School of Environmental Science and Engineering, Xiamen University of Technology, Xiamen 361024, China; Drinking Water Science and Technology, Research Center for Eco-Environmental Sciences, Chinese Academy of Sciences, Beijing 100085, China; Key Laboratory of Water Resources Utilization and Protection, Xiamen city, Xiamen 361005, China.
Department of Civil and Environmental Engineering, South Dakota School of Mines and Technology, Rapid City, SD 57701, USA.
Sci Total Environ. 2024 Nov 15;951:175573. doi: 10.1016/j.scitotenv.2024.175573. Epub 2024 Aug 15.

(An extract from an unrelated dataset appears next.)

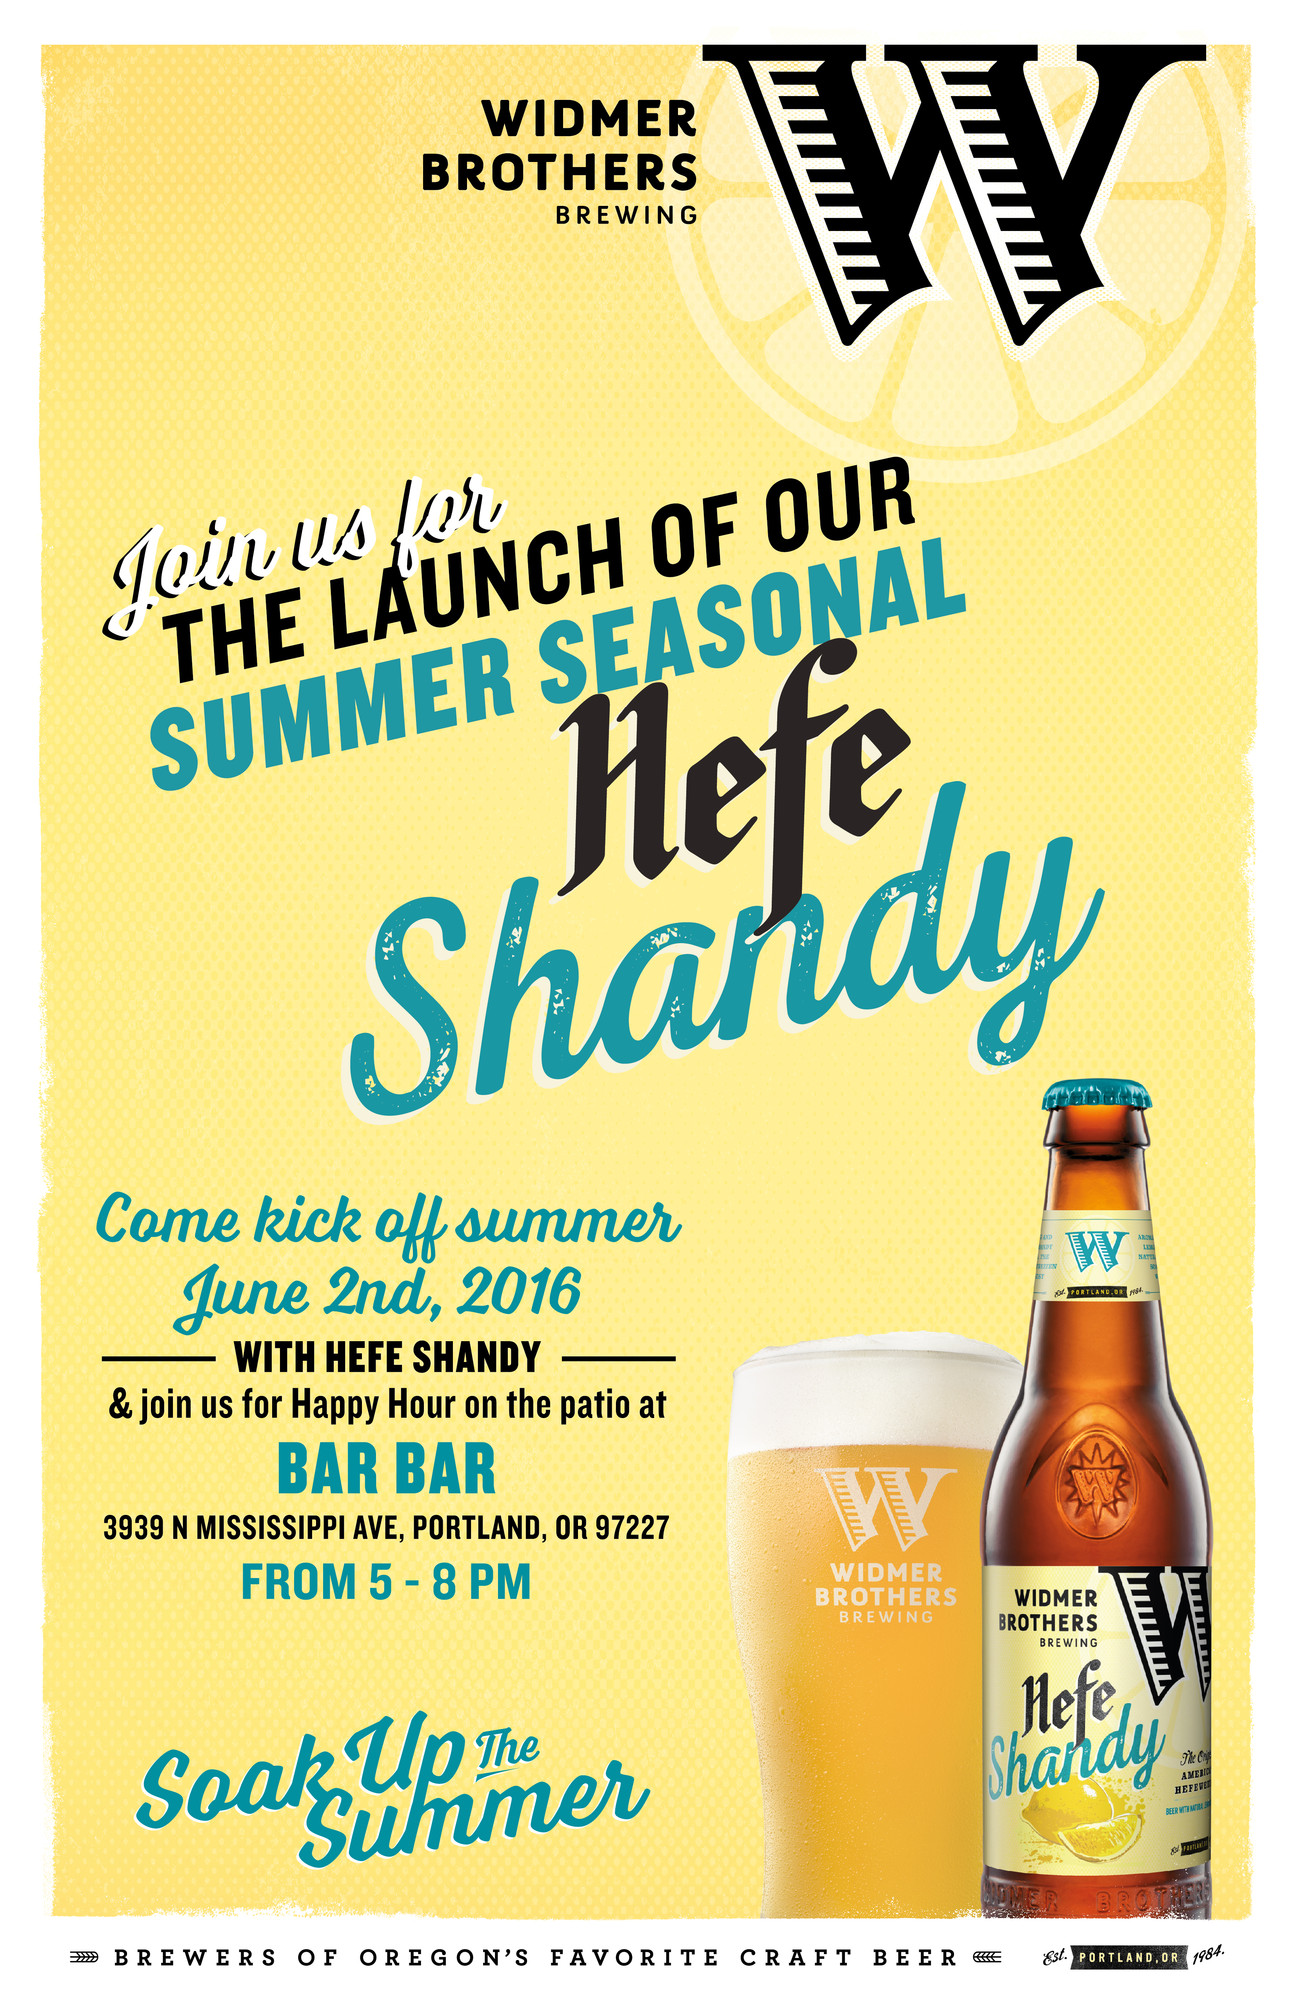 WIDMER BROTHERS BREWING RELEASES HEFE SHANDY Launch Party with Hefe Shandy Slushies at Bar Bar on June 2

Determining the occurrence of disinfection byproducts (DBPs) in drinking water distribution system (DWDS) remains challenging. Predicting DBPs using readily available water quality parameters can help to understand DBPs associated risks and capture the complex interrelationships between water quality and DBP occurrence. In this study, we collected drinking water samples from a distribution network throughout a year and measured the related water quality parameters (WQPs) and haloacetic acids (HAAs). 12 machine learning (ML) algorithms were evaluated. Random Forest (RF) achieved the best performance (i.e., R of 0.78 and RMSE of 7.74) for predicting HAAs concentration. Instead of using cytotoxicity or genotoxicity separately as the surrogate for evaluating toxicity associated with HAAs, we created a health risk index (HRI) that was calculated as the sum of cytotoxicity and genotoxicity of HAAs following the widely used Tic-Tox approach. Similarly, ML models were developed to predict the HRI, and RF model was found to perform the best, obtaining R of 0.69 and RMSE of 0.38. To further explore advanced ML approaches, we developed 3 models using uncertainty-based active learning. Our findings revealed that Categorical Boosting Regression (CAT) model developed through active learning substantially outperformed other models, achieving R of 0.87 and 0.82 for predicting concentration and the HRI, respectively. Feature importance analysis with the CAT model revealed that temperature, ions (e.g., chloride and nitrate), and DOC concentration in the distribution network had a significant impact on the occurrence of HAAs. Meanwhile, chloride ion, pH, ORP, and free chlorine were found as the most important features for HRI prediction. This study demonstrates that ML has the potential in the prediction of HAA occurrence and toxicity. By identifying key WQPs impacting HAA occurrence and toxicity, this research offers valuable insights for targeted DBP mitigation strategies.
确定饮用水分配系统(DWDS)中消毒副产物(DBP)的发生仍然具有挑战性。使用现成的水质参数预测 DBP 有助于了解与 DBP 相关的风险,并捕捉水质与 DBP 发生之间的复杂相互关系。在这项研究中,我们全年从一个分配网络中采集饮用水样本,并测量相关的水质参数(WQPs)和卤乙酸(HAAs)。评估了 12 种机器学习(ML)算法。随机森林(RF)在预测 HAAs 浓度方面表现出最佳性能(即 R 为 0.78,RMSE 为 7.74)。我们没有分别使用细胞毒性或遗传毒性作为评估 HAAs 相关毒性的替代物,而是按照广泛使用的 Tic-Tox 方法,创建了一个健康风险指数(HRI),该指数是 HAAs 的细胞毒性和遗传毒性之和。同样,开发了 ML 模型来预测 HRI,发现 RF 模型表现最好,获得的 R 为 0.69,RMSE 为 0.38。为了进一步探索先进的 ML 方法,我们使用基于不确定性的主动学习开发了 3 种模型。我们的研究结果表明,通过主动学习开发的分类提升回归(CAT)模型表现明显优于其他模型,分别用于预测浓度和 HRI,其 R 分别为 0.87 和 0.82。使用 CAT 模型进行特征重要性分析表明,温度、离子(如氯和硝酸盐)以及管网中的 DOC 浓度对 HAAs 的发生有重大影响。同时,氯离子、pH 值、ORP 和游离氯被发现是预测 HRI 的最重要特征。本研究表明,ML 具有预测 HAAs 发生和毒性的潜力。通过确定影响 HAAs 发生和毒性的关键 WQPs,本研究为有针对性的 DBP 缓解策略提供了有价值的见解。